Saturday 2018-09-22




By Hlengiwe Ndlovu | 2018-03-14

INITIAL projections showed the country’s GDP would grow by 1.0 per cent but revised estimates reflect an upward growth trajectory of 1.9 per cent.

In its Recent Economic Development report, the Central Bank of Swaziland attributed improvements in economic performance to better output in the tertiary sector, which grew more than expected.

The report states that while economic growth is projected to be weaker in 2018, it will pick up nevertheless in the medium term.

“Real GDP is projected to grow at 1.3 per cent, which is lower than the initial projection of 2.8 per cent. This downward update for the 2018 outlook is mainly due to slower anticipated growth for the secondary and tertiary sector”.

The agricultural sector also performed better having recorded a 0.7 per cent growth in 2017, indicating a recovery from the drought.

CBS reported that sugarcane production, which was estimated to recover slightly in 2017 before recovering fully in 2018, recorded a growth of seven per cent in 2017 and nine per cent in 2018 from a previous projection of three per cent and 19 per cent in 2017 and 2018, respectively.
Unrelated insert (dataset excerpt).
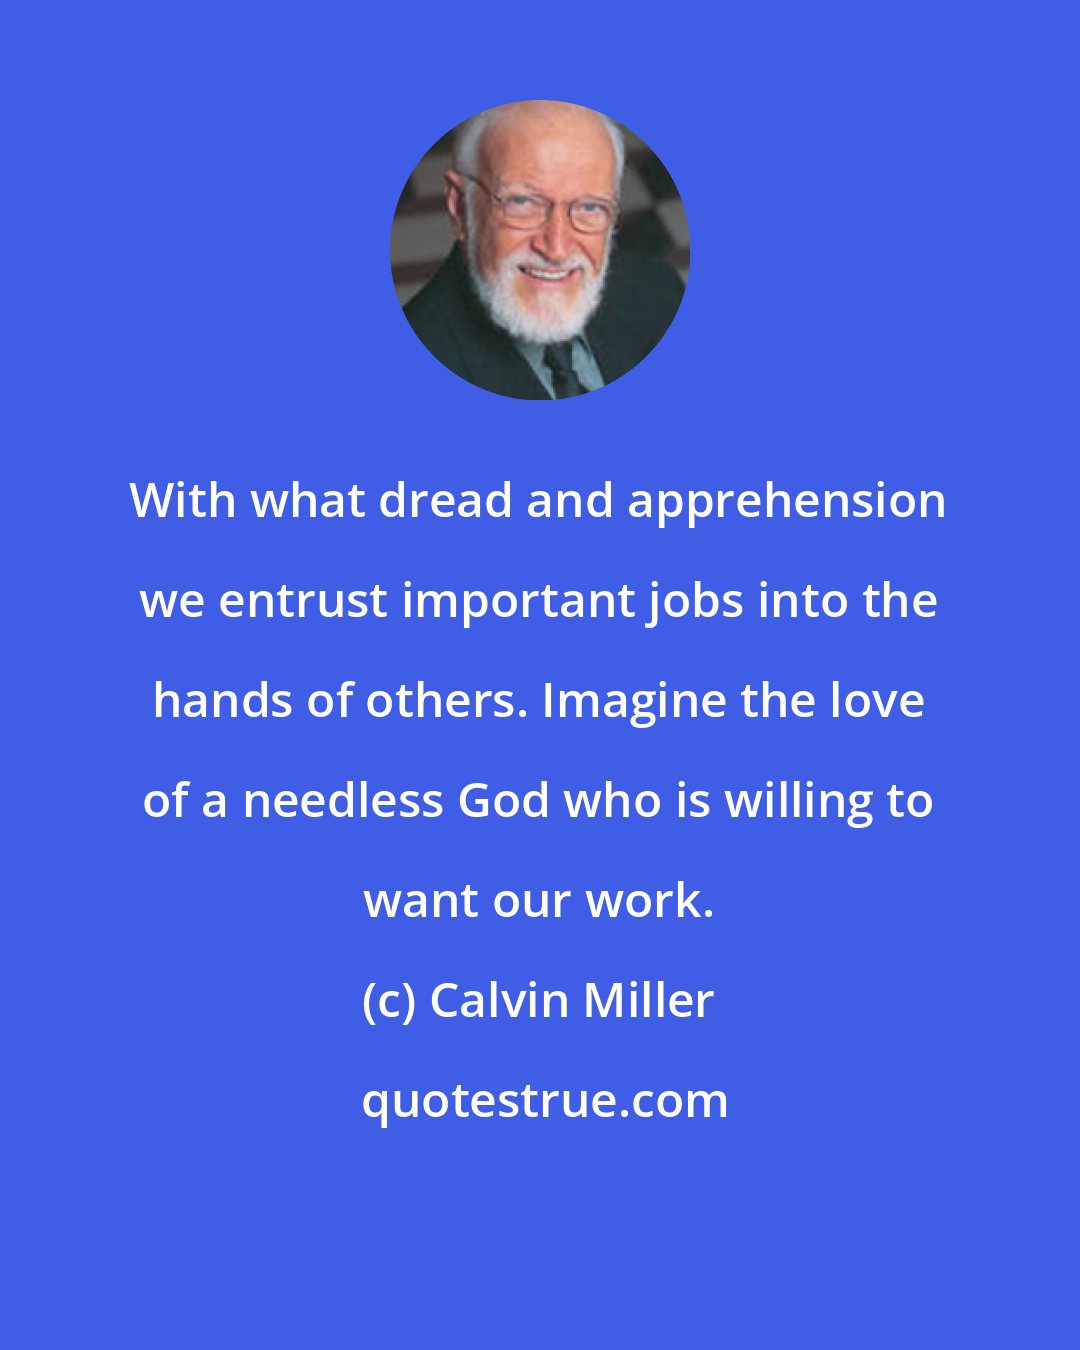 Calvin Miller: With what dread and apprehension we entrust important jobs into the hands of others. Imagine the love of a needless God who is willing to want our work.

The secondary sector, on the other hand, was estimated to have increased by 0.7 per cent in 2017 while a contraction of -0.2 per cent is expected this year. The secondary sector last year benefitted from the recovery in the primary sector, especially in the sugar industry.

The country’s re-admission into the African Growth and Opportunities Act (AGOA) market was also expected to bring a positive turnout in economic activity, especially towards the manufacturing sector.

With the construction sector, activity was expected to take a hit due to worsening government fiscal challenges.

“These challenges will hinder continued implementation of (government funded) capital projects. In the medium term, the sector is expected to recover mainly driven by envisaged implementation of strategic projects e.g. Lothair railway link.”

The tertiary sector recorded a stronger growth for 2017, 2.7 per cent, primarily due to a higher than anticipated growth in the government sector, a stronger performance of the wholesale and retail sector and the financial services sector.